キハ40系 No.003
「桜咲く向鹿瀬集落と磐越西線」 深戸橋梁俯瞰

磐越西線 日出谷〜鹿瀬

 磐越西線沿線は桜の撮影地も多く、かなりの区間を山々に囲まれているため、他の路線に比べると桜並木を俯瞰できる撮影地も多い。 桜並木の中を通る列車を撮るのが定石であるが、個人的には広く撮った画角の一部に桜が映り込むことで、さりげなく季節を感じ取れる写真も好みである。
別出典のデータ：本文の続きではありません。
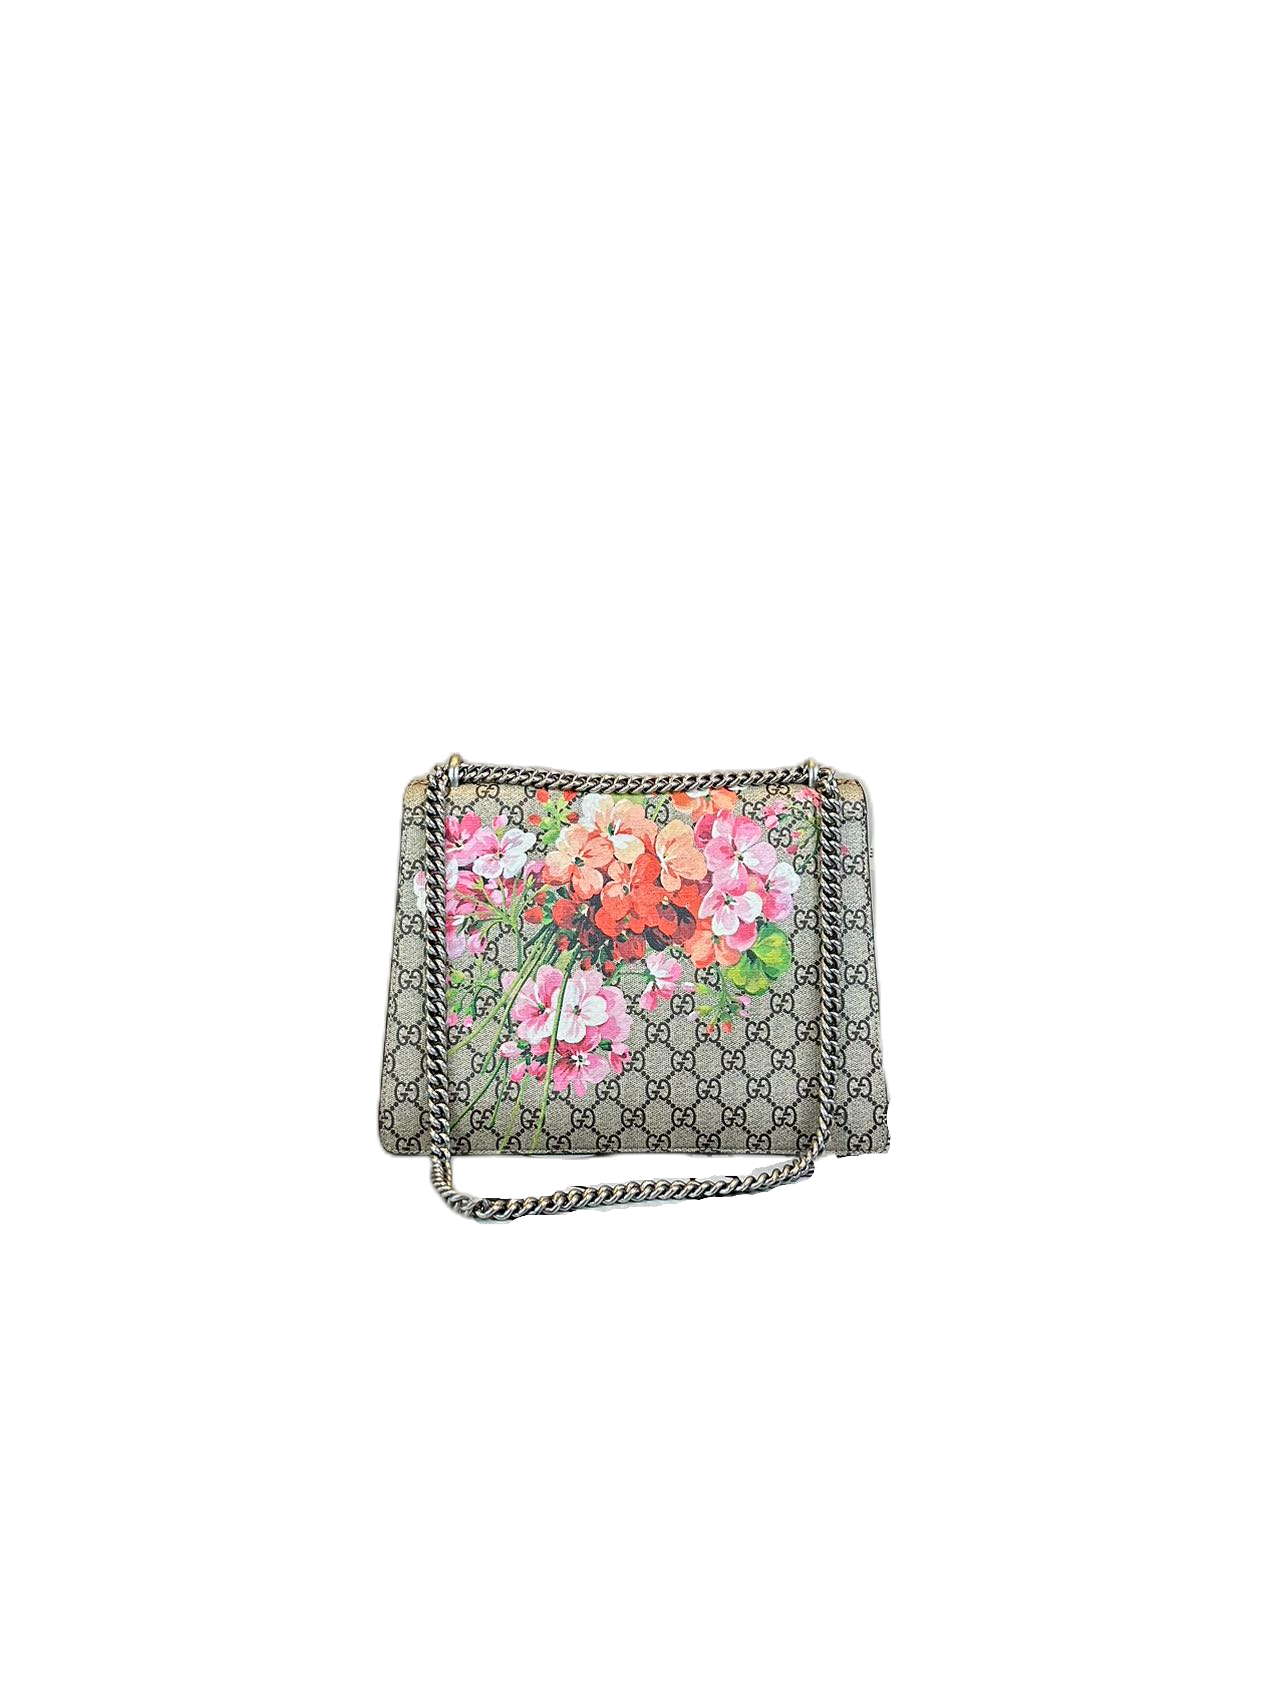 Preloved Gucci GG Logo Supreme Blooms Large Dionysus Shoulder Bag

 そんな情景を見ることができたのが、鹿瀬小学校脇の桜並木と写せる深戸橋梁俯瞰だった。 四方を山に囲まれているため、真西を除いたらどの方向からも見下ろすことができ、地上のアングルを含めたらほぼ360度どこからでも撮ることができる深戸橋梁。その中でも、1番有名な県道からも見渡せる北東側。定番構図で車体に光が当たるのは夕方。ちょうどその頃になると、斜光に光る半逆光の桜とあわせて写すことができるので好都合な場所であった。

 しかし、満足に桜が咲かない年が多い沿線だけに一発では決まらなかった。せっかく綺麗に咲いた年でも夕暮れ時になって太陽の元気が無くなったり、肝心の晴れの日にキハの色が揃っていなかったり。簡単なはずの課題になかなか苦労させられた。

 そして狙い始めてから何年目かの春、やっとチャンスが訪れた。鳥害もなく無事に満開を迎えた日に終日快晴予報という好条件。そんな日、日中の若松往復運用に青青が入った。

 影になる部分が多い風景でも主張する桜並木。蛇行する阿賀野川に、白い車体が輝いた。